Men's Health

Genome and immune indicators may help determine prostate most cancers sufferers at excessive danger of deadly penalties

Prostate cancer is one of the most common types of cancer in men in the United States. Every ninth man is diagnosed during his lifetime. When diagnosed, a patient's disease is graded from 1 to 5 based on aggressiveness, with 5 being the most aggressive. Individuals with Grade 4/5 disease are at greatest risk for poor outcomes or death from the disease. However, there are no immunological or genomic indicators that can help doctors determine the best course of treatment for this group of patients.

Researchers at the Moffitt Cancer Center, led by Kosj Yamoah, Ph.D., Associate Member and Director of Research on Cancer Differences in the Radiation Oncology and Cancer Epidemiology Departments, hope to change that. The team conducted studies to determine whether genomic heterogeneity in tumors from Grade 4/5 prostate cancer patients can be used to identify patient subgroups who are at greater risk of fatal outcomes and who may benefit from targeted treatment strategies.
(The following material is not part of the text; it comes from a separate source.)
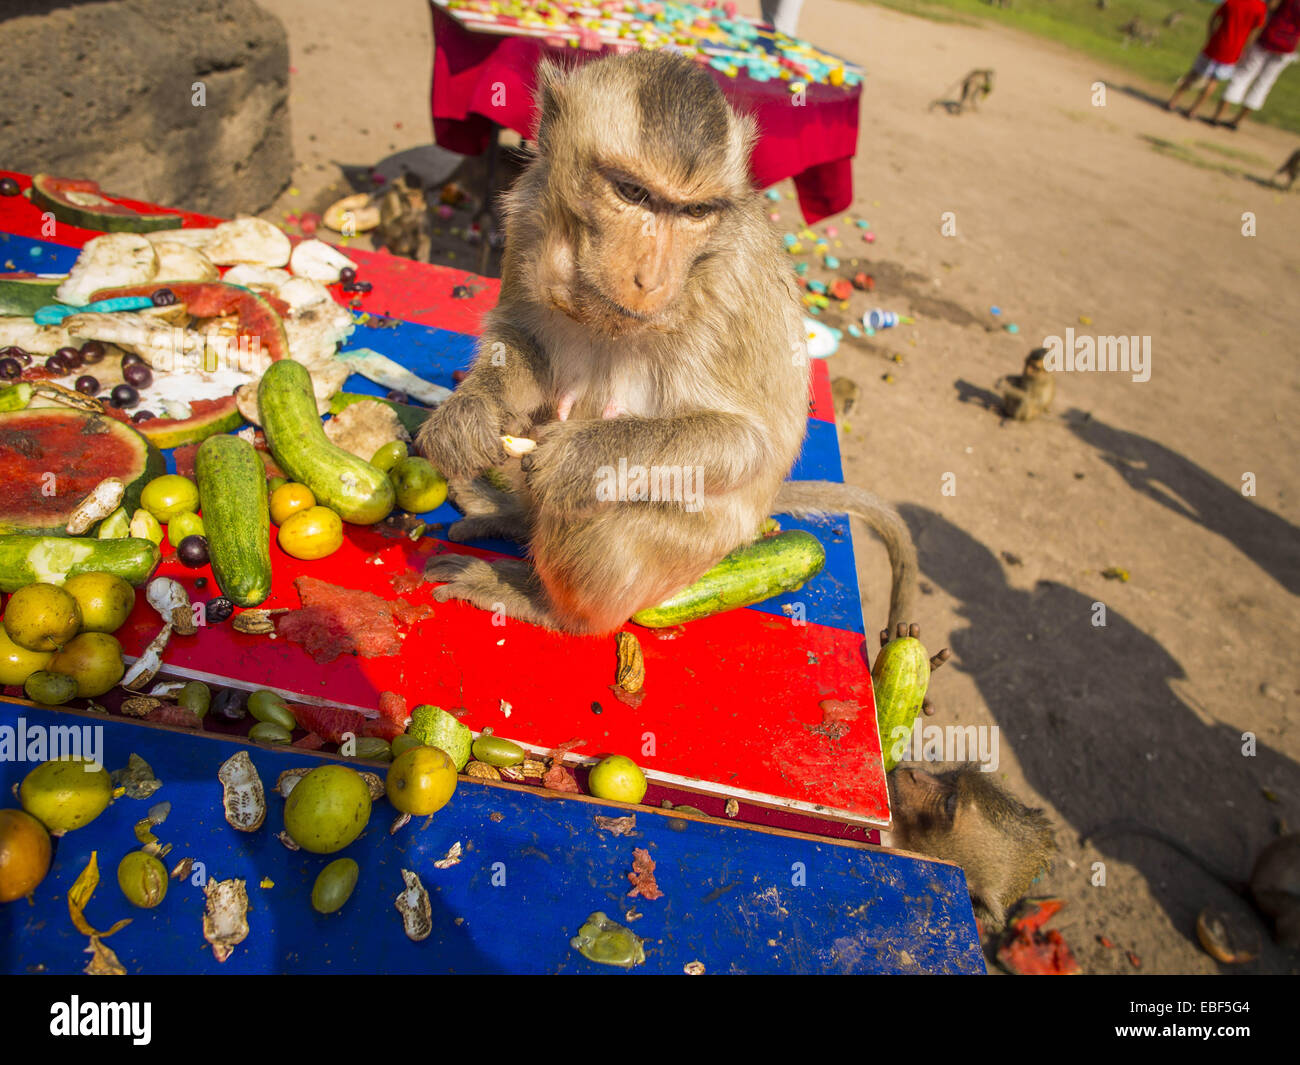 Lopburi Lopburi, Thaïlande. 30Th Nov, 2014. Les singes macaques à longue queue manger les fruits et légumes au buffet Buffet singe annuel partie à Lopburi, Thaïlande. Lopburi est la capitale de la province de Lopburi et est à environ 180 kilomètres de Bangkok. Lopburi abrite des milliers de macaques à longue queue. Un adulte de taille moyenne est de 38 à 55cm de long et sa queue est en général 40 à 65 cm. Les macaques mâles pèsent environ 5 à 9 kilos, les femelles pèsent environ 3 à 6 kg. Le Singe Buffet était commencé dans les années 1980 par un homme d'affaires local qui possède un hôtel et voulait attirer des visiteurs à l'provinci Banque D'Images
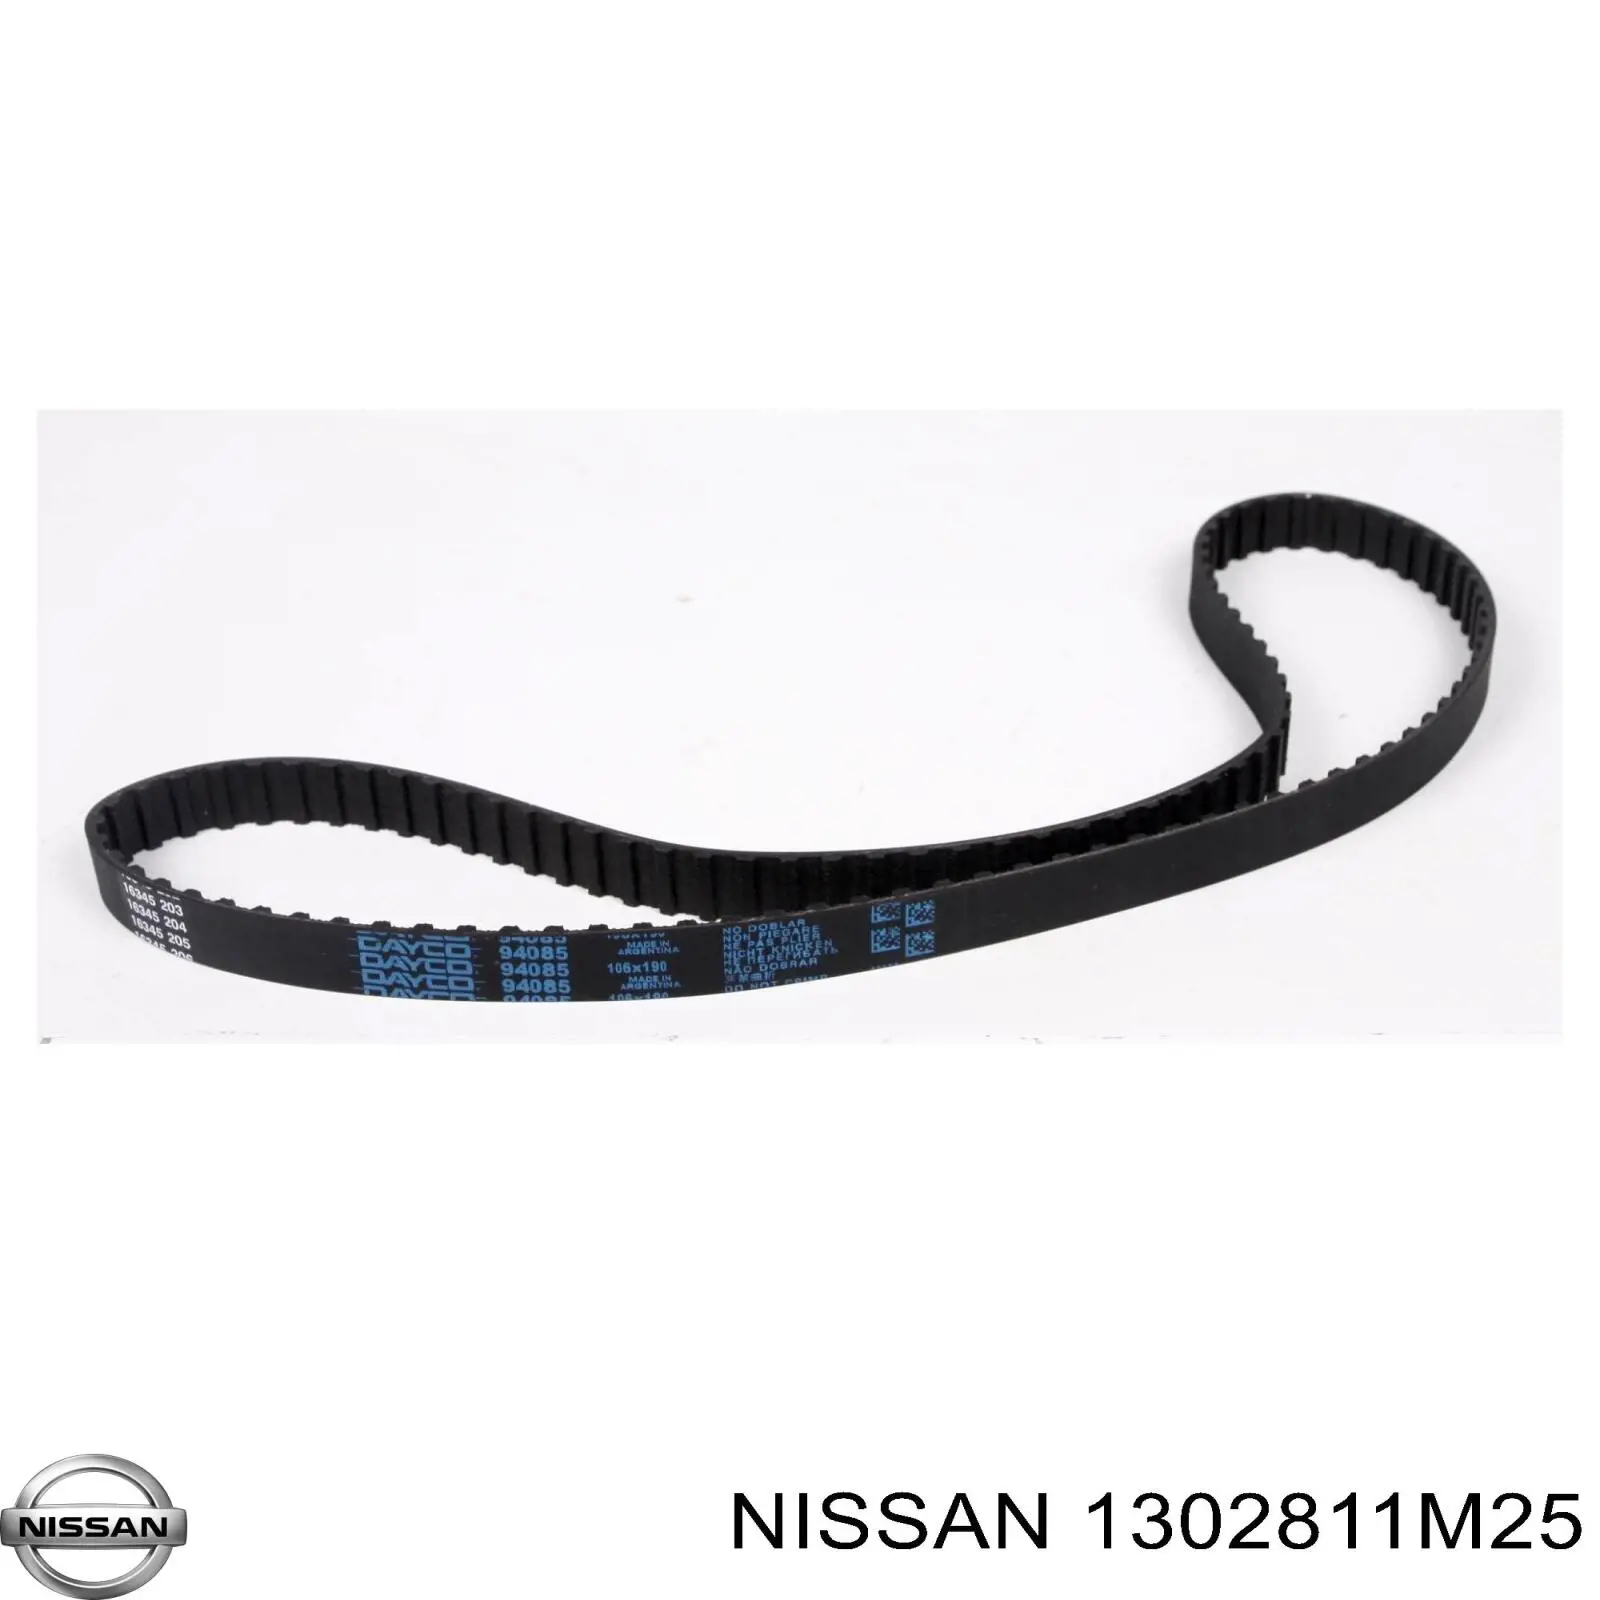 1302811M25 Nissan correa distribución

Their results were published in the journal European Urology.

Their studies focused on transcriptomic interactions between the Tumor Immune Content Score and the Decipher Score, a 22-gene classifier that provides a score that predicts the likelihood of cancer spreading. Researchers analyzed data from 8,071 prostate cancer patient samples of each grade of disease (6,071 prostatectomy and 2,000 previously untreated patients) in the registry of the Decipher Genomics Resource Information Database (GRID). Each patient sample was also given an immune content score (ICS), which was derived using the mean expression of 264 immune cell-specific genes.

The samples were divided into four different immunogenomic subgroups based on their results: ICS high / decryption high, ICS low / decryption high, ICS high / decryption low, and ICS low / decryption low. The researchers found that approximately 25% of all Grade 4/5 patient samples were in the ICS High / Decipher High subgroup.

The ICS-High / Decipher High patient samples were further examined for the association between immunogenomic subtypes and radiation response signatures. They found that the ICS High / Decipher High subgroup were genomically more sensitive to radiation, meaning that these tumors would respond well to radiation therapy. This subgroup also had a higher frequency of T cells and monocytes / macrophages. However, the research team says more research is needed to uncover the biological mechanisms behind this association.

Our results will help subtype aggressive prostate cancer patients who may benefit from combined immuno-radiotherapy modalities. "

Kosj Yamoah, M.D., Ph.D., Moffitt Cancer Center Researcher

Although the results may not be applicable to other tumor genome platforms at this time, the Decipher GRID platform is routinely used in clinical care nationwide and the results can be easily validated in various ongoing clinical trials and the promise of practice to change the near future.

Source:

H. Lee Moffitt Cancer Center & Research Institute

Journal reference:

Yamoah, K. et al. (2020) Novel transcriptomic interactions between immune content and genome classifier predict fatal outcomes in high-grade prostate cancer. European urology. doi.org/10.1016/j.eururo.2020.11.038.